City News

Want to include alcohol in grocery orders you pick up curbside? Now you can.

Madison alders, including Ald. Mike Verveer, District 4, voted Tuesday to override Mayor Paul Soglin’s veto of “click and collect” alcohol purchases.

Image By: Emily Buck and Emily Buck

The Madison Common Council voted to override Mayor Paul Soglin’s veto of “click and collect” alcohol sales Tuesday night after the ordinance that would allow such a sale was reconsidered.

The first override failed 9-7 at the council’s last meeting on Feb. 6 for which Ald. Mike Verveer, District 4, who sponsored the legislation, was absent.

Verveer, now in attendance, expressed his support for the ordinance change and was annoyed with the pace of action.

“I’m embarrassed that we’re taking so much time revisiting issues over the last two months,” he said.

However, Ald. Paul Skidmore, District 9, who originally supported the ordinance when it was voted on in the Alcohol Licensing and Review Committee, said “the devil is in the details” and the more he looked at the legislation, the more concerned he became.

Ald. Barbara Harrington-McKinney, District 1, agreed and wasn’t sure the council was ready to make a decision on the ordinance.

“We’ve had licenses come before us in the last few months and we keep traveling the same road because we have not been very specific with our policies and procedures and I’m not quite sure that we’re there,” she said.

But proponents, such as Ald.
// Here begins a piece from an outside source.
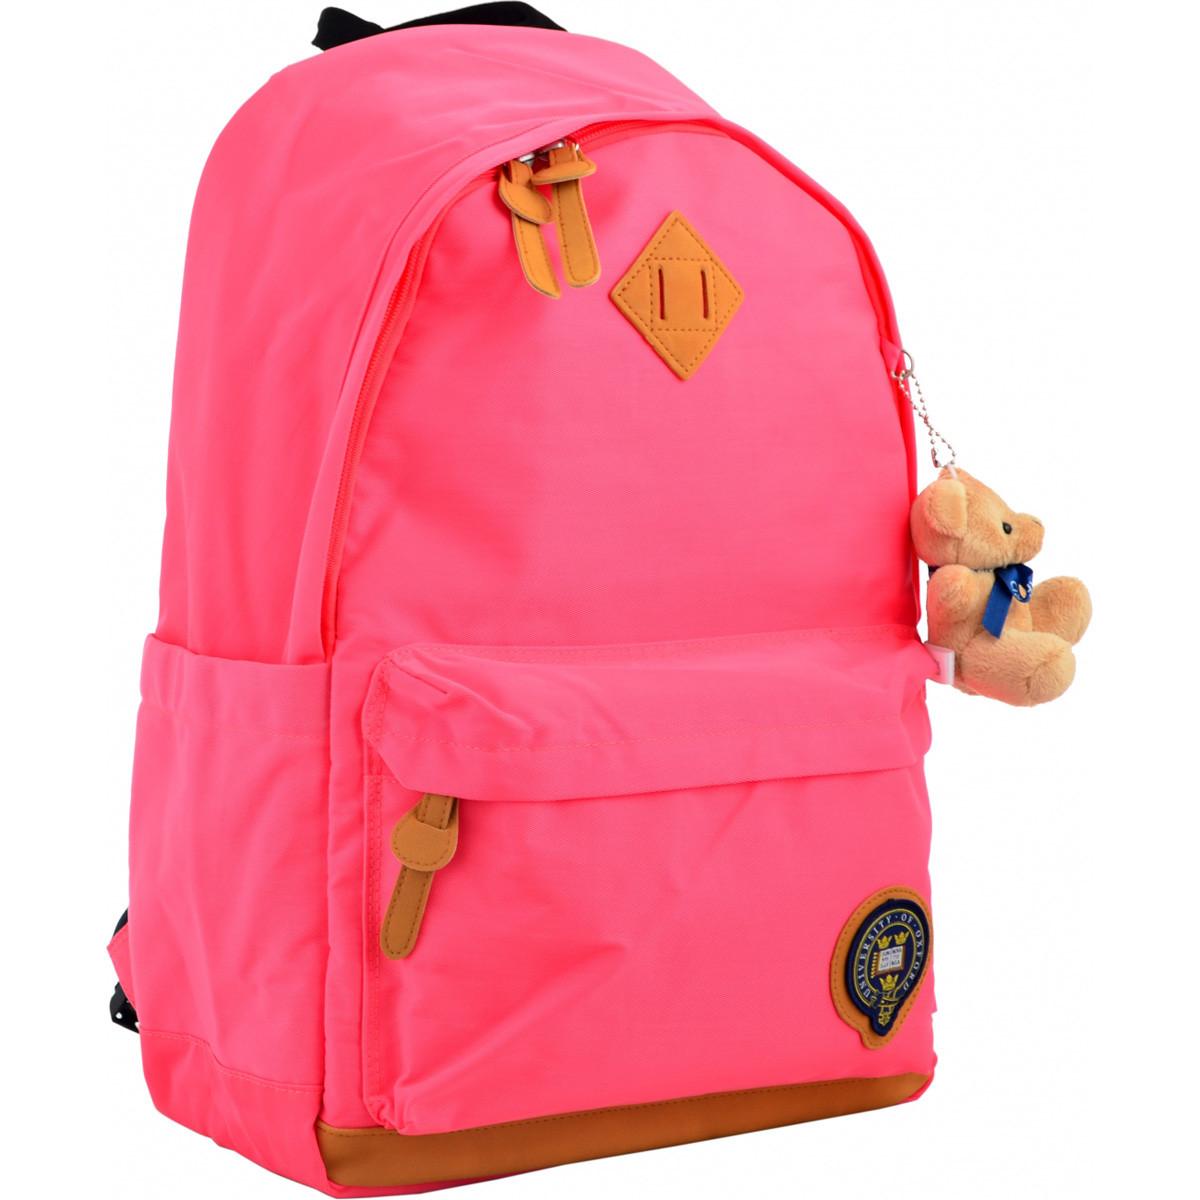 Рюкзак городской YES OX 404 47*30.5*16.5 розовый код: 555681

Steve King, District 7, responded that the ordinance is sound as is.

“I can’t believe that we’re still talking about this,” he said. “It is the 21st century and there are multiple places doing this in Wisconsin.”

King’s frustration was a microcosm of what was the larger discussion: whether to follow suit with other nearby municipalities or to not, with the hope that preserving the current rules would help salvage business for smaller, locally-owned grocery and liquor stores.

“This is opportunity for us to simply be responsive to the market demand that is modern,” Ald. Maurice Cheeks, District 10, who also stated waving safety as an objection to the ordinance is just “bluster.”

One of those individuals was Mayor Paul Soglin, who in his official veto noted that stores allow for better lighting and identification of a customer. However, he also addressed the concern for small businesses, writing, “the locally owned stores, with limited parking lots or no parking lots, will not have the space to complete this outdoor transaction.”

Bob Hemauer, co-owner of Cork N’ Bottle on East Johnson St., was one of the business owners voicing concern over the ordinance, saying their lease wouldn’t allow for deliveries to parked cars.

“I sincerely hope you choose a path of equity and fairness for businesses like ours,” he said.

Verveer expressed regret for Hemauer but said the vast majority of other similar businesses have the parking capabilities that would allow them to participate.

Officials approve new Language Access Plan

Norman R. Davis, director of Madison’s Department of Civil Rights, presented the city’s new Language Access Plan, a process that will provide free translation and oral interpretation of all benefits, programs and activities in Madison.

The translations will be available in Hmong, Chinese Mandarin, Spanish and American Sign Language.

Members of Madison’s Tibetan community spoke in support of adding Tibetan to the list of languages provided.

The Department’s Language Access budget has $122,000 for the 2018 fiscal year which includes the cost of translating documents and having translators at press conferences and meetings.

New Monroe Street commercial property to proceed

A new Monroe Street construction project a few blocks southwest of Camp Randall was approved after a presentation by the project’s architects and numerous testimony in support of the project.

Currently at the project site, which stretches from the intersection of Monroe Street and Spooner Street to the intersection of Monroe Street and Stockton Street, is an Associated Bank, which is slated to move locations. Around the property are other vacant stores.

The new project would add an underground parking lot as well as a single commercial building that would include one story of mixed use, like retail or restaurants, and four stories of residential housing.

Local residents of the block expressed their interest in a central commercial hub.